▸ TASK REQUIREMENTS
Among the entries below, one stretch runs from the line that contains "Glenrothes - Glenrothes" through the line that contains "Decorate a table". Repeat that stretch exactly, ends included, and only that.

▸ SOURCE MATERIAL
□ □ □ □

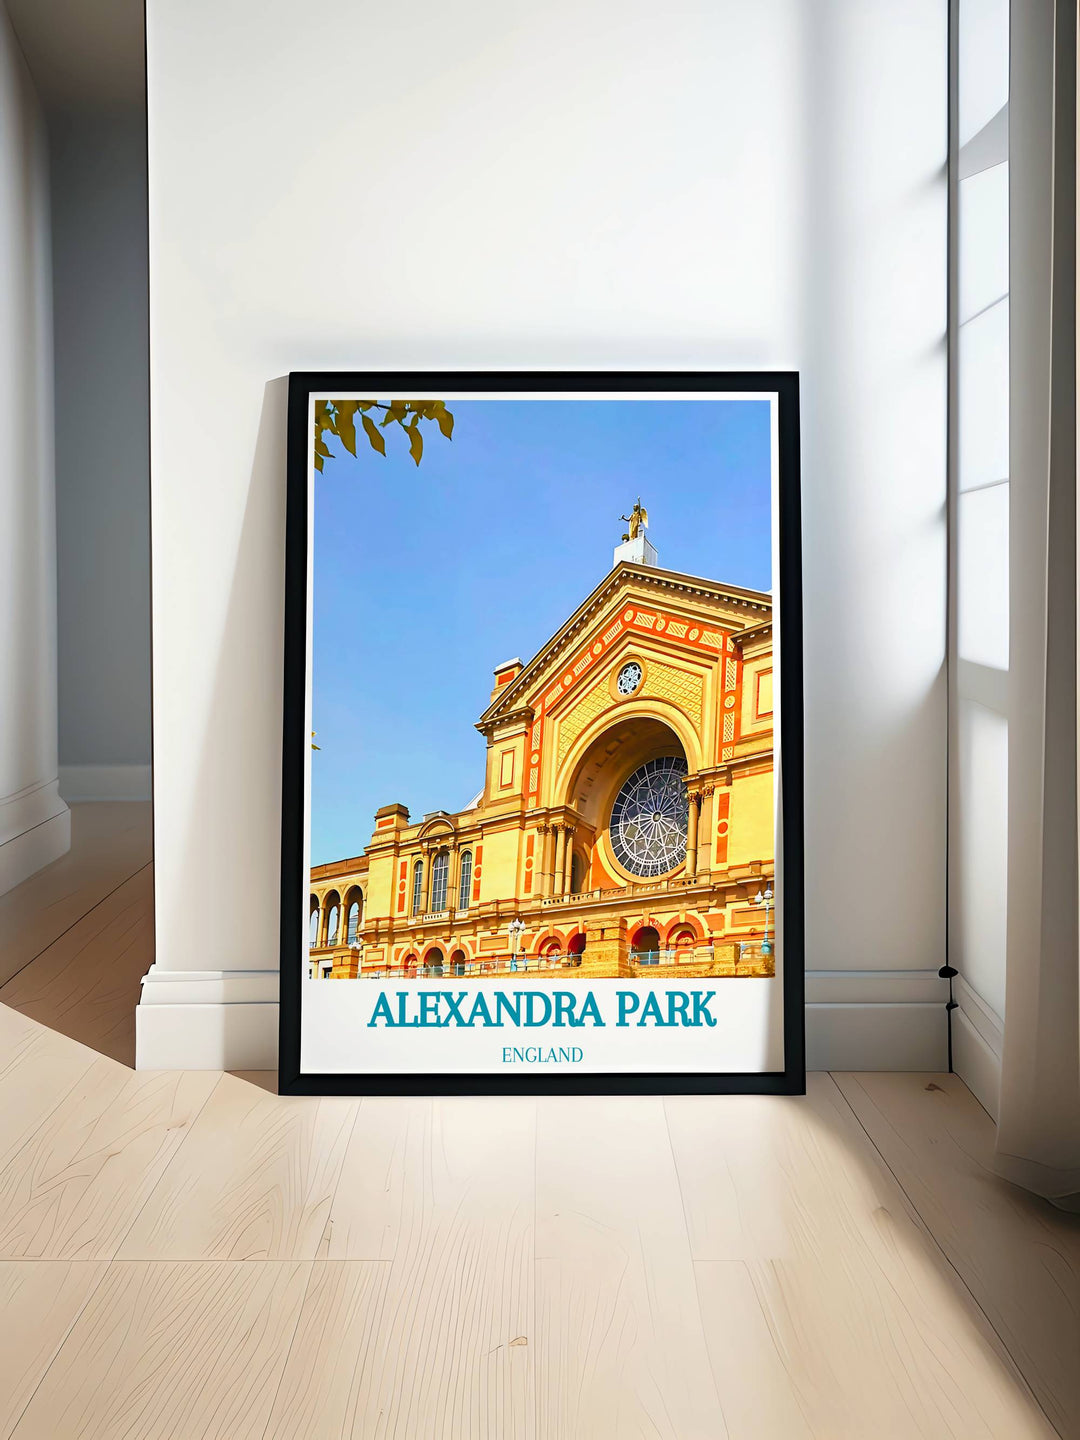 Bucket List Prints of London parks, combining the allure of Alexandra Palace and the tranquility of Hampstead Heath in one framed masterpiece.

□ □ □ □

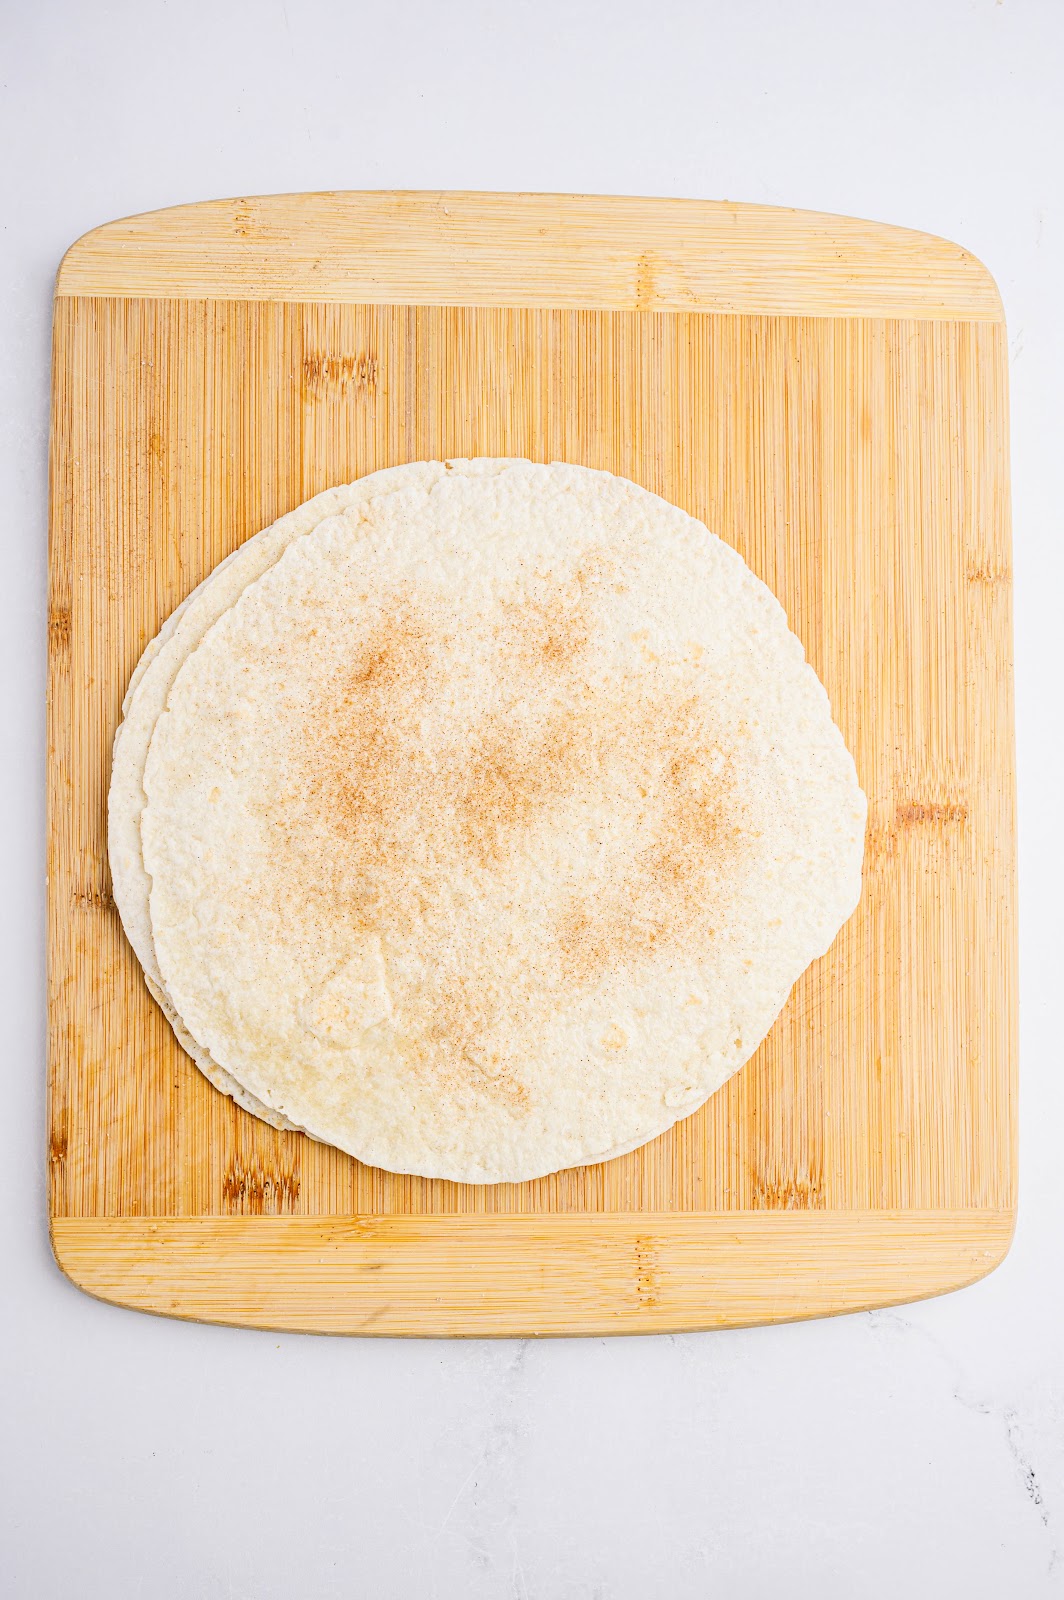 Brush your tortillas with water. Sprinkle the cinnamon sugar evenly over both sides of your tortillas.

□ □ □ □

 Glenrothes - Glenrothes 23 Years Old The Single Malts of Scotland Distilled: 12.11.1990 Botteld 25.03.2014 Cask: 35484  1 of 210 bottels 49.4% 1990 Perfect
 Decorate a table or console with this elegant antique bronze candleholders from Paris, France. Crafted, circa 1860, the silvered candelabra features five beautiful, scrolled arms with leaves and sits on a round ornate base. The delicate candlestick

□ □ □ □

▸ EXERCISE ANSWER
 Glenrothes - Glenrothes 23 Years Old The Single Malts of Scotland Distilled: 12.11.1990 Botteld 25.03.2014 Cask: 35484  1 of 210 bottels 49.4% 1990 Perfect
 Decorate a table or console with this elegant antique bronze candleholders from Paris, France. Crafted, circa 1860, the silvered candelabra features five beautiful, scrolled arms with leaves and sits on a round ornate base. The delicate candlestick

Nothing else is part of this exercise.